Saved data entries
****
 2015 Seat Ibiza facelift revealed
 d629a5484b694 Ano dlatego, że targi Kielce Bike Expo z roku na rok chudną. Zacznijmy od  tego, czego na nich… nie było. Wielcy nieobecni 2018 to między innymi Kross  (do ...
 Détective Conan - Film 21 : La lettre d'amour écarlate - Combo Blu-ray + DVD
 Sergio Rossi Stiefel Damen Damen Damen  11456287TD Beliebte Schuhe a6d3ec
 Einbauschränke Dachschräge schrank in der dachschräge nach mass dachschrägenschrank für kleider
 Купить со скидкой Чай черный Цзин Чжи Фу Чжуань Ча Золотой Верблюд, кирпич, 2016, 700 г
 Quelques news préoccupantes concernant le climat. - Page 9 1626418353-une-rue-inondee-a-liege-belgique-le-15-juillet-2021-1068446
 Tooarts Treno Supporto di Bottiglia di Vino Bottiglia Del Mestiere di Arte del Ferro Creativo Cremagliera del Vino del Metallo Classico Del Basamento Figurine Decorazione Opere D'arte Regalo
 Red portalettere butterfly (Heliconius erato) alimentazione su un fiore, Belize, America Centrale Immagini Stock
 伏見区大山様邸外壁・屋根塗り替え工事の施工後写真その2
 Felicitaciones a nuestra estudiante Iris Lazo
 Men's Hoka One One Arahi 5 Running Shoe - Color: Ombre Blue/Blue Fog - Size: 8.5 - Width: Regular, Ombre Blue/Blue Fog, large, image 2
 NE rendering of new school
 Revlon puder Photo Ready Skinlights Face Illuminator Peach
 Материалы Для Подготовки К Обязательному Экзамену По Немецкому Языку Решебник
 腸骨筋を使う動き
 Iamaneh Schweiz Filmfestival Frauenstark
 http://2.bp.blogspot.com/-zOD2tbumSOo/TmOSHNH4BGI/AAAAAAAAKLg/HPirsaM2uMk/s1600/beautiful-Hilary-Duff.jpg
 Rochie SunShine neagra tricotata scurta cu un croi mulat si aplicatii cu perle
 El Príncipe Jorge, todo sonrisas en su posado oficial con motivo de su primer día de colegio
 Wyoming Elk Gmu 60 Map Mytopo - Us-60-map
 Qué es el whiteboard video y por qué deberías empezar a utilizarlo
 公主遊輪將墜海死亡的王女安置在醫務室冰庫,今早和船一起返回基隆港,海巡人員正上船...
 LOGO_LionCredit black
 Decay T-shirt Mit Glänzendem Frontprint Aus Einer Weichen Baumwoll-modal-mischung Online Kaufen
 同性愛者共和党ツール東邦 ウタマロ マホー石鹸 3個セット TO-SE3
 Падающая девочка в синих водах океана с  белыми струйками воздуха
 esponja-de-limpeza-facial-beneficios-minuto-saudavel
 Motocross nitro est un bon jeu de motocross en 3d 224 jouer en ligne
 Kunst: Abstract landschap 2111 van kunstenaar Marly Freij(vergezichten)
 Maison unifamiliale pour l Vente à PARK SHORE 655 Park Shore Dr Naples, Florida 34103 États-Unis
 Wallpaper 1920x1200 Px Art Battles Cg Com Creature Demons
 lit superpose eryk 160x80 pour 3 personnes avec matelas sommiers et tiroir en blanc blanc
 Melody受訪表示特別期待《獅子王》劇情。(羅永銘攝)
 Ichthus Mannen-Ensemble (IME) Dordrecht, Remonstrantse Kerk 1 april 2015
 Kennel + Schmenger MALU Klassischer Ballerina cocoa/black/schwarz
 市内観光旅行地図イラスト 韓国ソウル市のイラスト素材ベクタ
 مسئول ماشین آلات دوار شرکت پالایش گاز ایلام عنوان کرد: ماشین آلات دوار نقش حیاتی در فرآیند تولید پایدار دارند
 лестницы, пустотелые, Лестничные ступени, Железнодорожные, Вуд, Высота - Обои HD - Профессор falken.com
****
Your assignment. Retype exactly the lines of the data above, starting at its first line and finishing with the line that has "Quelques news préoccupantes" in it.

Expected answer.
 2015 Seat Ibiza facelift revealed
 d629a5484b694 Ano dlatego, że targi Kielce Bike Expo z roku na rok chudną. Zacznijmy od  tego, czego na nich… nie było. Wielcy nieobecni 2018 to między innymi Kross  (do ...
 Détective Conan - Film 21 : La lettre d'amour écarlate - Combo Blu-ray + DVD
 Sergio Rossi Stiefel Damen Damen Damen  11456287TD Beliebte Schuhe a6d3ec
 Einbauschränke Dachschräge schrank in der dachschräge nach mass dachschrägenschrank für kleider
 Купить со скидкой Чай черный Цзин Чжи Фу Чжуань Ча Золотой Верблюд, кирпич, 2016, 700 г
 Quelques news préoccupantes concernant le climat. - Page 9 1626418353-une-rue-inondee-a-liege-belgique-le-15-juillet-2021-1068446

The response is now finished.